鞠剑雪拔出了剑雪无名,一步步地靠向了鞠天下的方向,一时就让无数的鞠家子弟惶惶不安,也就是这时他们才想起,面前的鞠剑雪已经不是当初紫阳一脉的走狗,而是掌握着鞠家生死大权的人物。
鞠天下脱着沉重地身躯,远远呼道:“鞠剑雪,难道事到如今你还要对自己的家门动手不成?鞠家就算对你再不好,那也是生你养你的地方,你这样做对得起你的父母吗?”

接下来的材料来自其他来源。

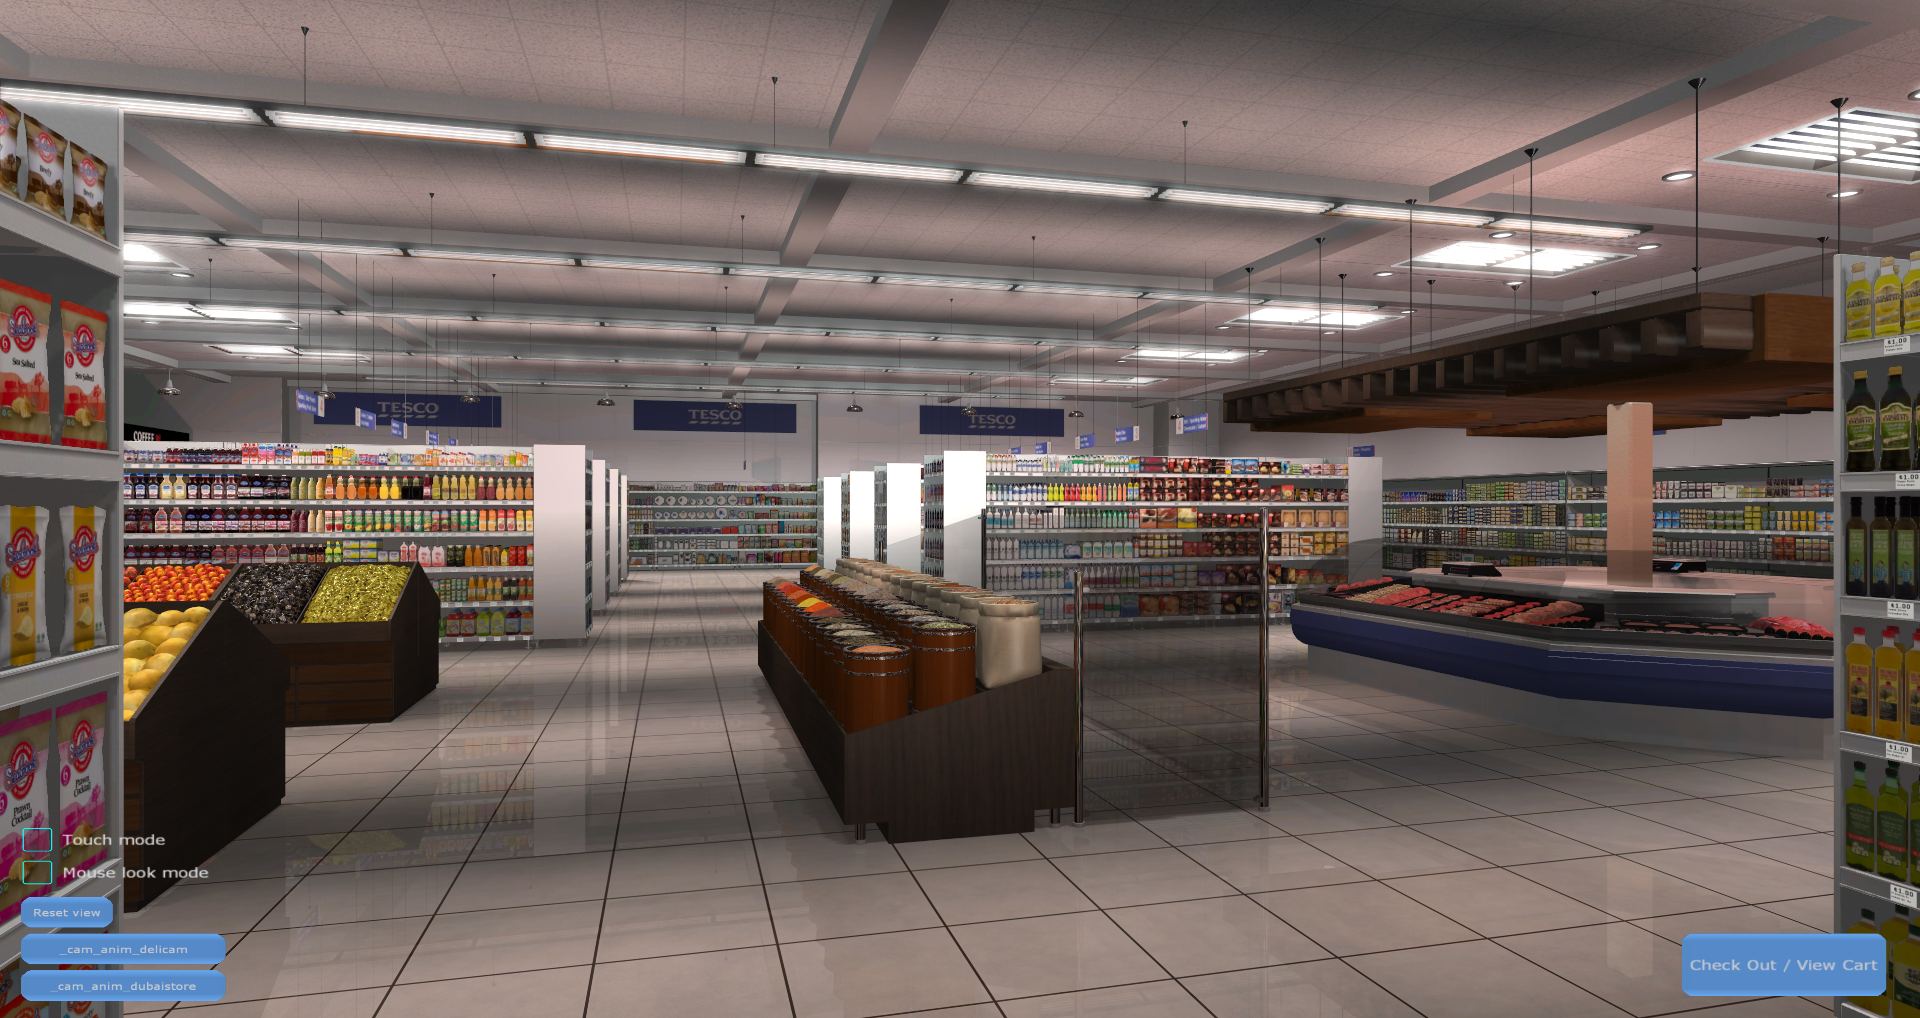 3D Virtual Shopping Virtual Store Screenshot from Carrefour VR Supermarket 4

就在这时,鞠剑雪的身形化作了一道白影,下一刻剑雪无名的剑尖就落到了鞠天下的咽喉。
鞠天下身后的五脉脉主和四大长老同时脸色一变,一声声大喝也随之传来。
“放肆!”
“大胆!”
“无耻叛徒……还不放开家主?”
也许是因为之前的鞠剑雪太过听话,所以没有人想到他一旦脱离了剑雪五名的束缚,竟然敢这样恣意妄为。
鞠剑雪看着一脸冷汗地鞠天下,冷笑道:“生我者父母,养我者天地……你也配提我父母?你也配给我讲仁义道德?”
鞠天下额头上的冷汗越来越密集,很快就滴滴掉落下来,不过在经过剑雪五名的剑身之时全部化作了道道凝冰,落在地面上的时候也出现了滴滴答答的碎裂声。
鞠剑雪手中的剑雪无名微微一动,看着鞠天下那数次变幻的神情,不屑道:“你一定以为我要杀你吧?在刚才的一瞬间是不是已经想起了生前的种种往事?但是你们错了……杀了你们污了我的剑,剑雪无名的纯白若今日被你们染红,那可真是宝剑蒙尘了。”
言罢鞠剑雪转过头走到了鞠月儿的身旁,和闻依还有姬月隐母女对视了一眼,纷纷往北而去消失在了剑荒之中。
鞠天下忽然发出了一声猛烈地咳嗽,一道鲜血从他的喉咙喷出,看着鞠剑雪兄妹离开的方向,他的牙齿仿佛已经咬碎,怒道:“鞠剑雪,今日之辱,来日鞠天下必报。”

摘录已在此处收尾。